Simultaneous Reward Distillation and Preference Learning: Get You a Language Model Who Can Do Both
Abhijnan Nath, Changsoo Jung, Ethan Seefried, Nikhil Krishnaswamy
TL;DR
The paper tackles misalignment between rewards and human preferences in offline LLM alignment, especially under non-deterministic judgments. It introduces Direct Reward Distillation and policy-Optimization (DRDO), a simple, efficient, non-ensemble, reference-free framework that distills rewards from an Oracle into the policy while simultaneously learning diverse preferences via a novel contrastive log-unlikelihood objective with a focal modulation. DRDO eliminates reliance on a reference-model KL constraint and demonstrates improved expected rewards and robustness to noisy preferences and out-of-distribution data on Ultrafeedback and TL;DR datasets, across model sizes. Empirically, DRDO outperforms DPO and e-DPO in both deterministic and non-deterministic settings and maintains performance when preference signals are weak or noisy, highlighting its practical impact for scalable, robust preference alignment.
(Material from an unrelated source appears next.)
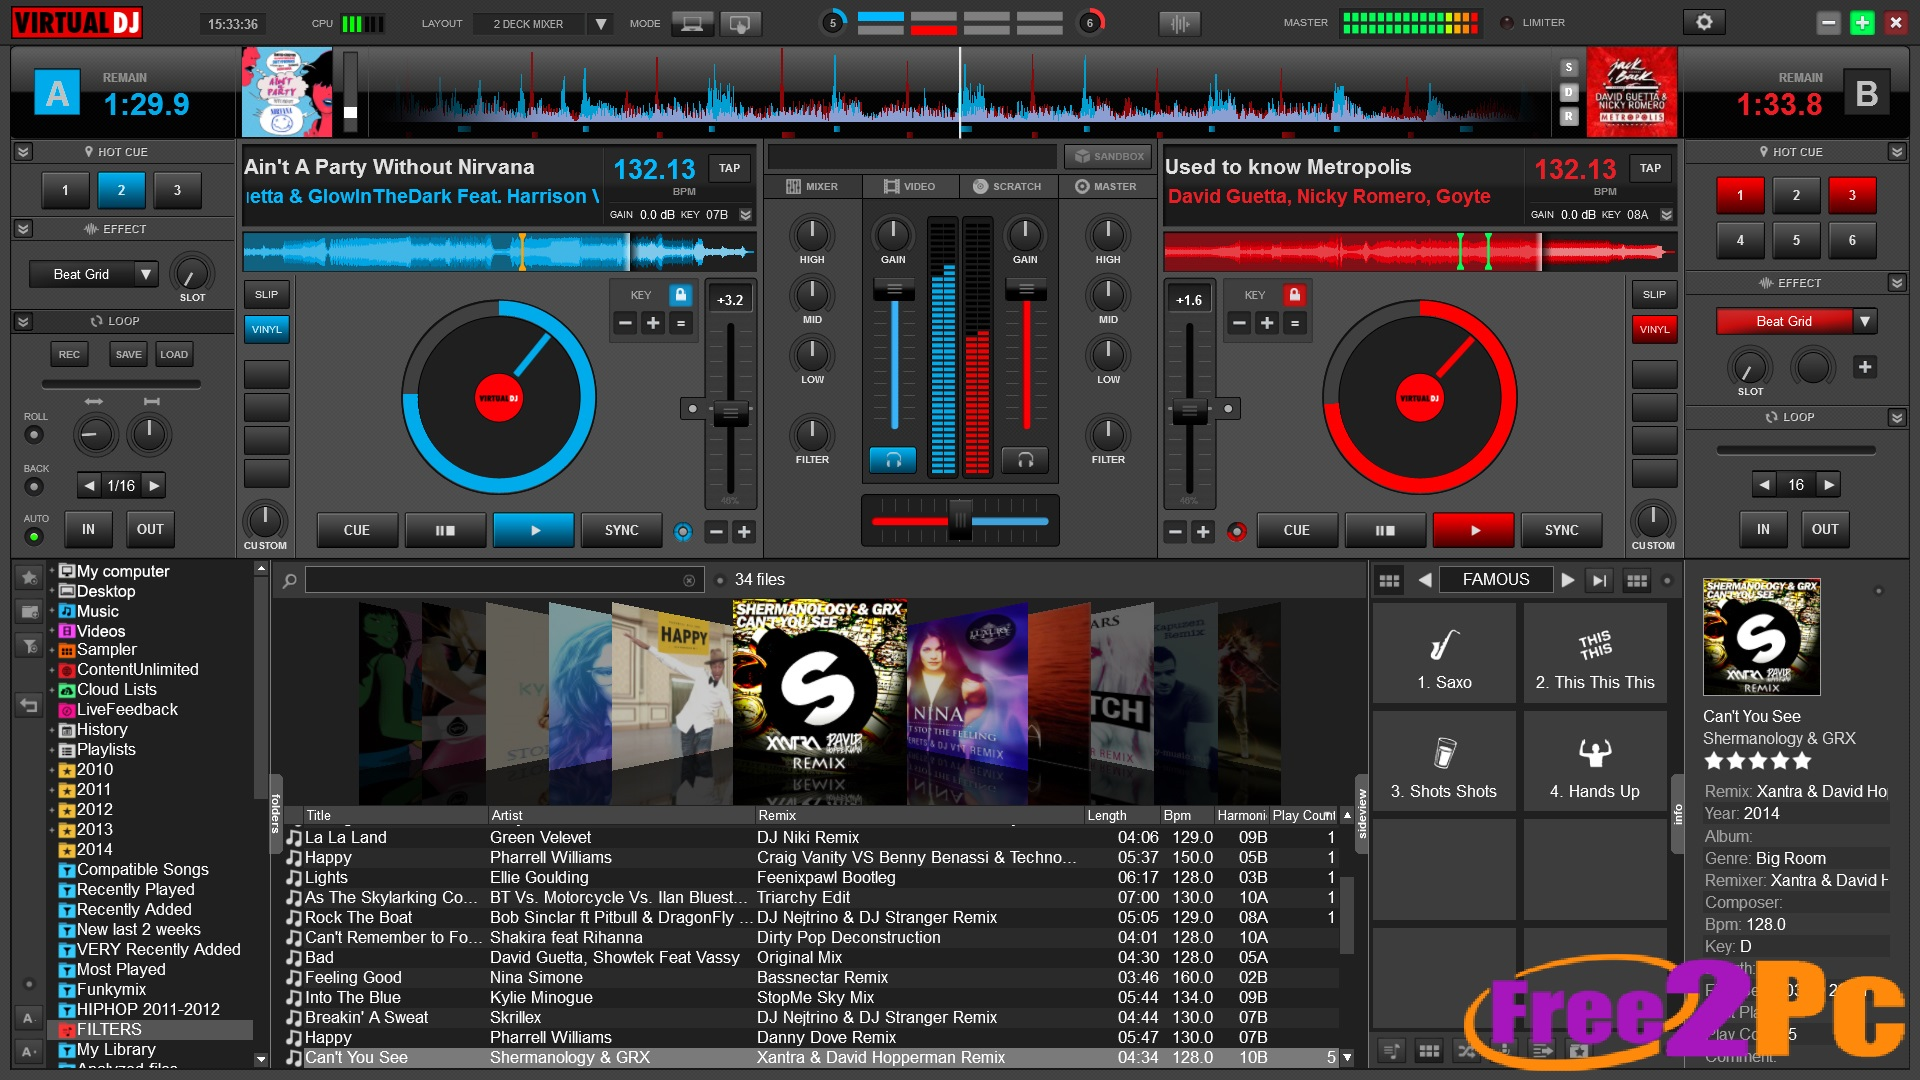 virtual dj 8 crack download for pc

This work provides a principled, computationally efficient path to joint reward distillation and preference learning, enabling more reliable alignment of LLMs in real-world, imperfect data regimes, with explicit handling of non-deterministic signals through a novel modulated distillation objective.
Abstract
Traditional RLHF-based LLM alignment methods explicitly maximize the expected rewards from a separate reward model. More recent supervised alignment methods like Direct Preference Optimization (DPO) circumvent this phase to avoid problems including model drift and reward overfitting. Although popular due to its simplicity, DPO and similar direct alignment methods which rely heavily on the Bradley-Terry-based pairwise preference formulation can still lead to degenerate policies when challenged by non-deterministic or noisy preference labels, for example human scoring of two candidate outputs with low confidence. This paper introduces DRDO (Direct Reward Distillation and policy-Optimization), which simultaneously models rewards and preferences to avoid such degeneracy. DRDO directly mimics rewards assigned by an oracle while learning human preferences with a novel preference likelihood formulation. Results on the Ultrafeedback and TL;DR datasets demonstrate that DRDO-trained policies surpass methods such as DPO and e-DPO in terms of expected rewards and are more robust, on average, to noisy preference signals as well as out-of-distribution (OOD) settings.